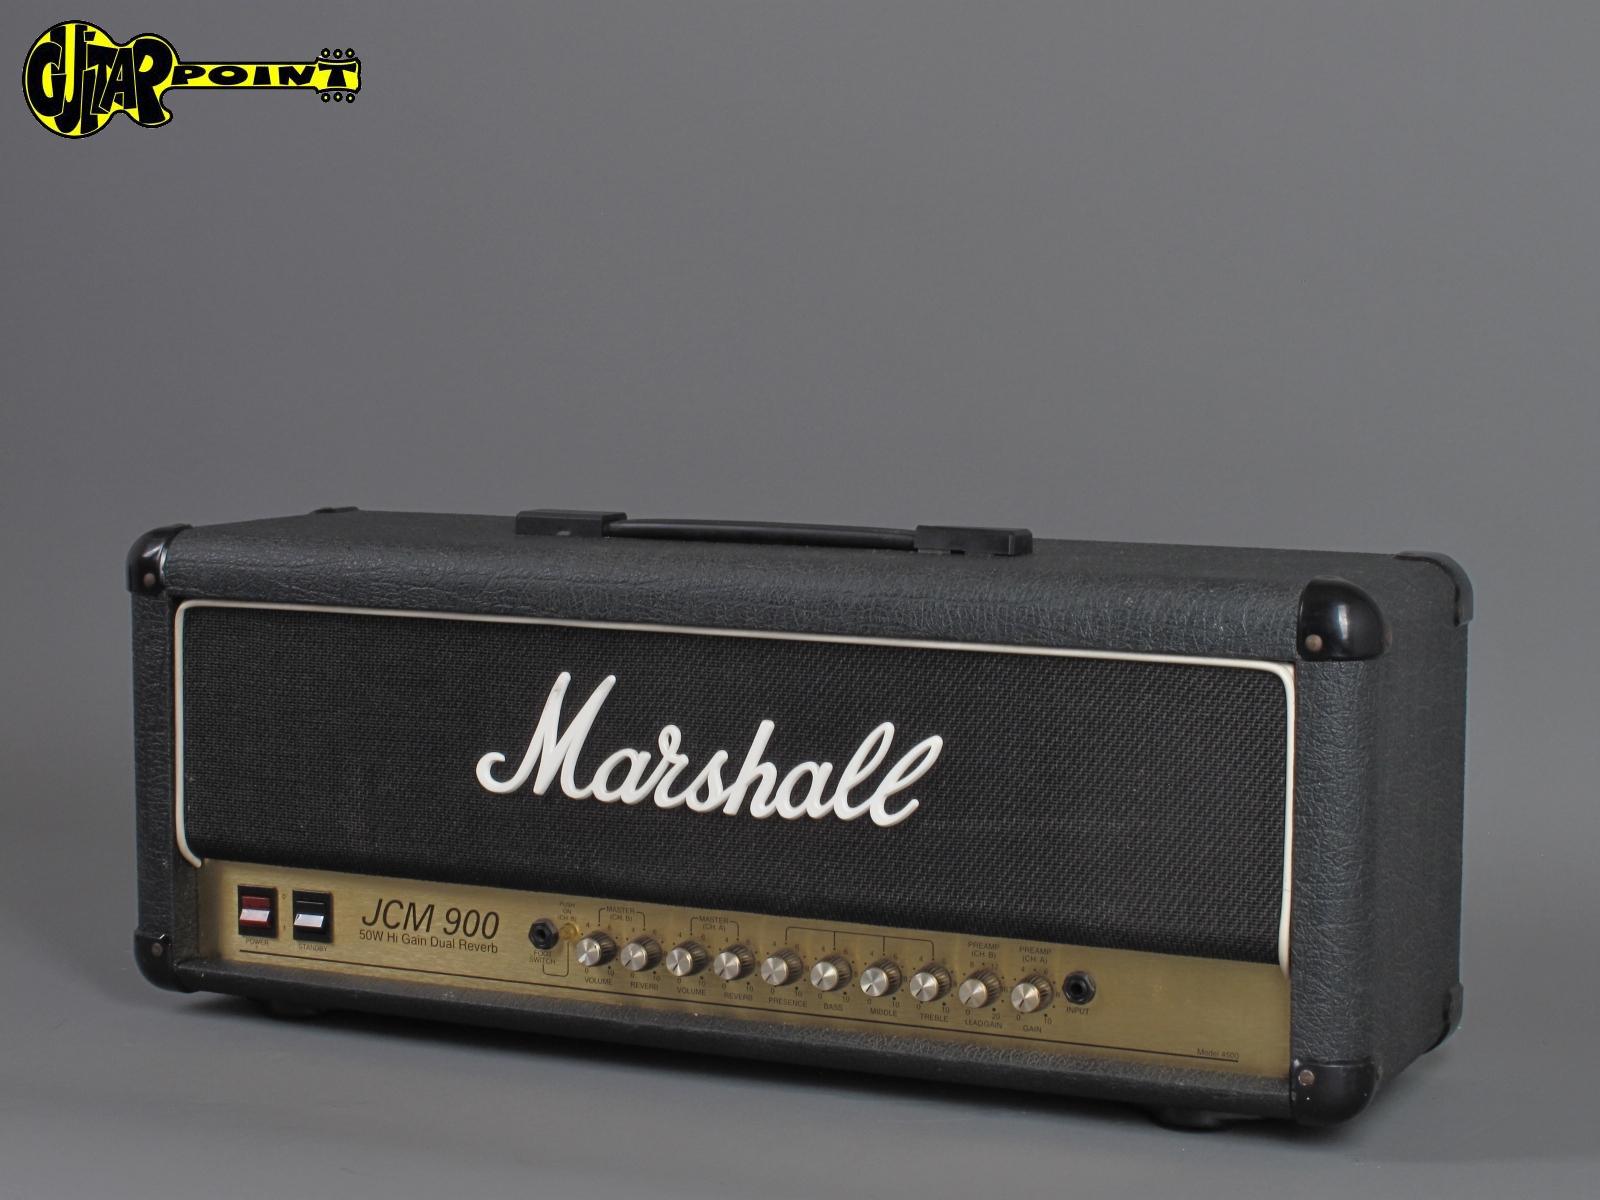 https://guitarpoint.de/app/uploads/products/1991-marshall-jcm900-50-watt-higain-dual-reverb-4500/Marshall91JCM9004500Z19540_21.jpg
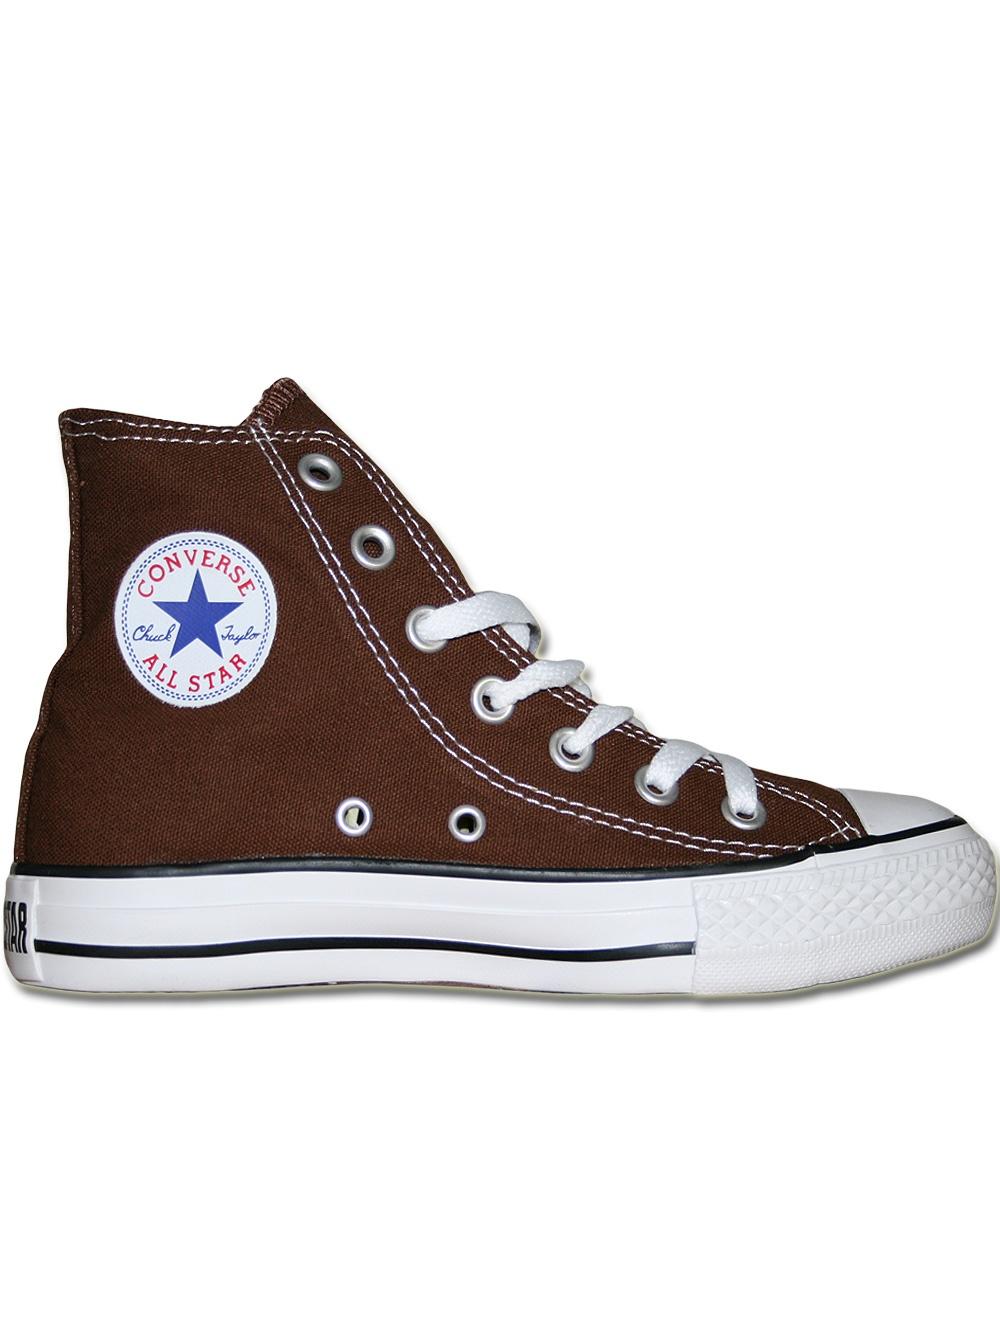 converse chucks all star converse 5776 schuhe g nstig. Black Bedroom Furniture Sets. Home Design Ideas
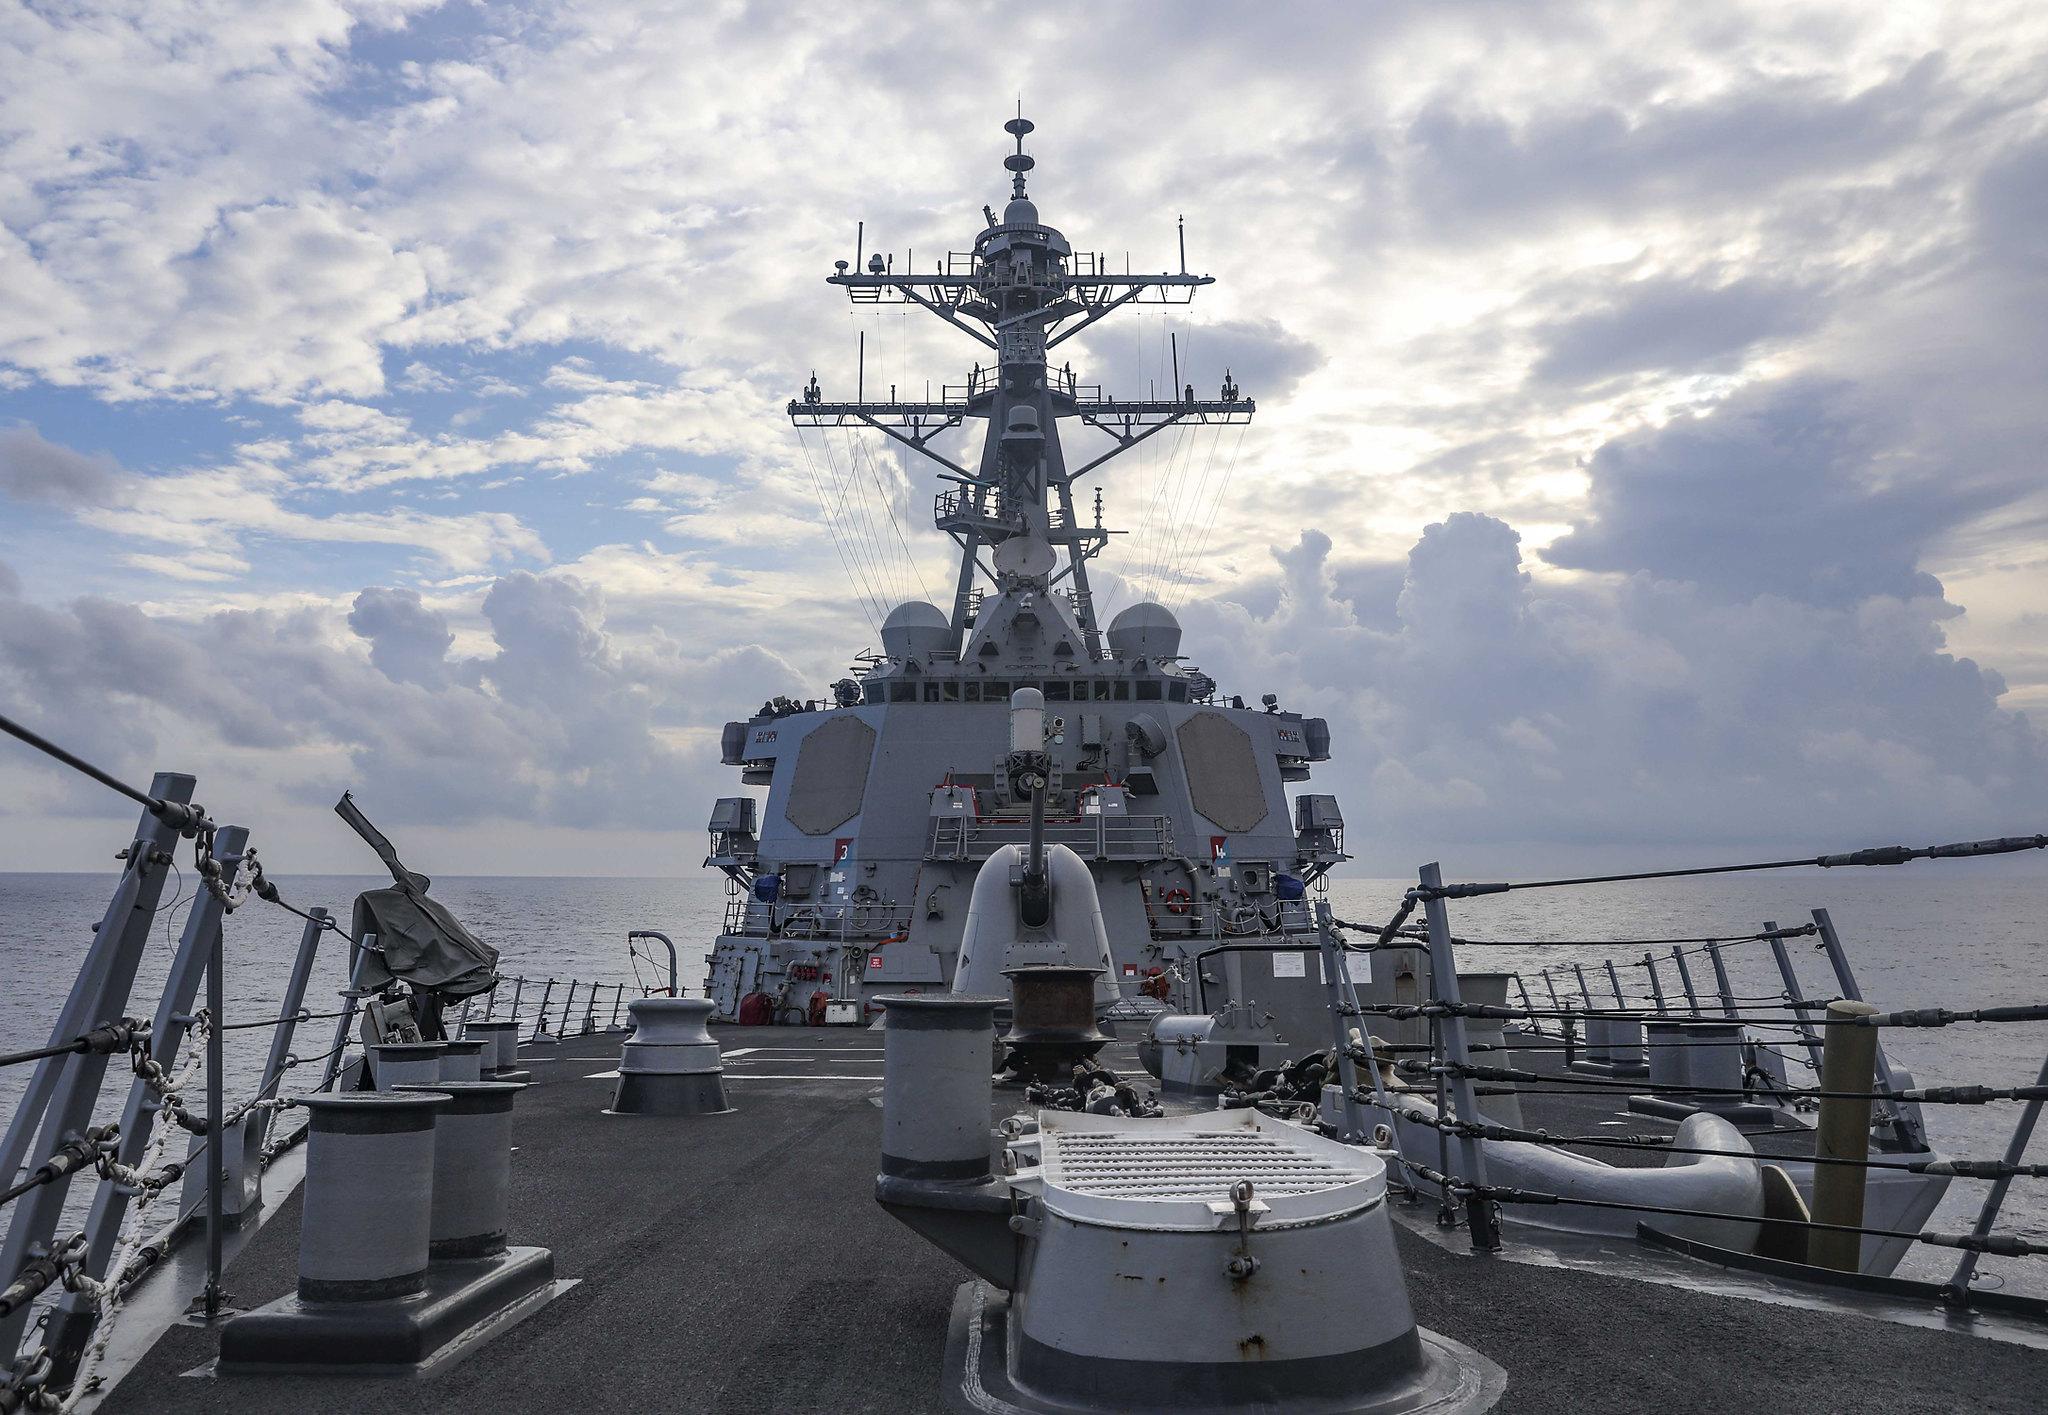 www.cpf.navy.mil
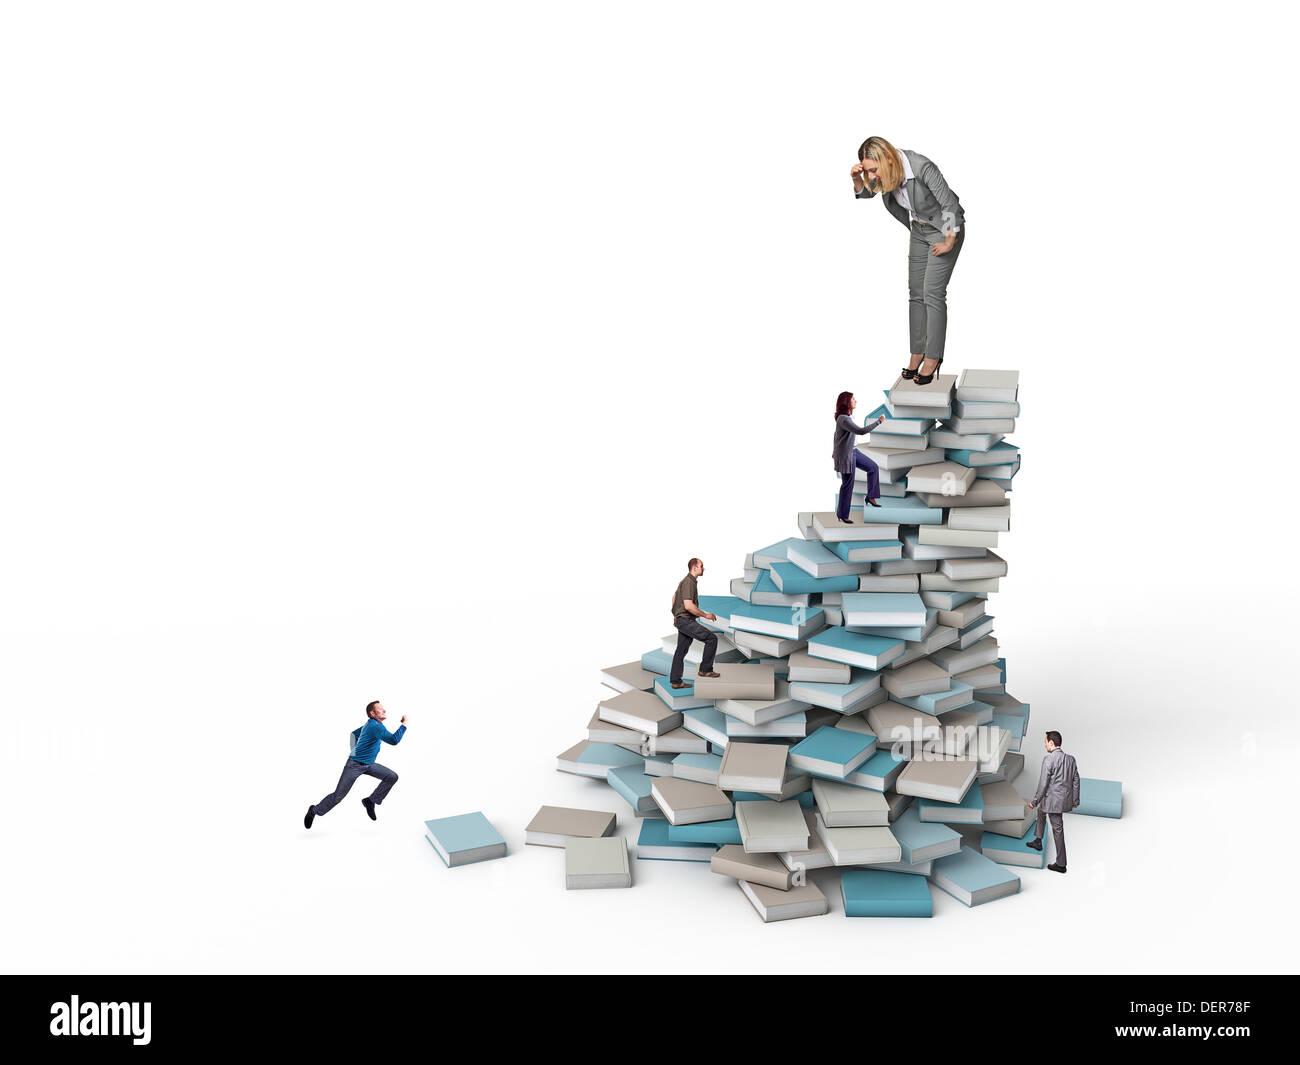 people run on books pile - Stock Image
■ ■ ■ ■ ■
**Prompt**
Would you print the whole listing exactly, omitting the pictures?

**Answer**
 https://guitarpoint.de/app/uploads/products/1991-marshall-jcm900-50-watt-higain-dual-reverb-4500/Marshall91JCM9004500Z19540_21.jpg
 converse chucks all star converse 5776 schuhe g nstig. Black Bedroom Furniture Sets. Home Design Ideas
 www.cpf.navy.mil
 people run on books pile - Stock Image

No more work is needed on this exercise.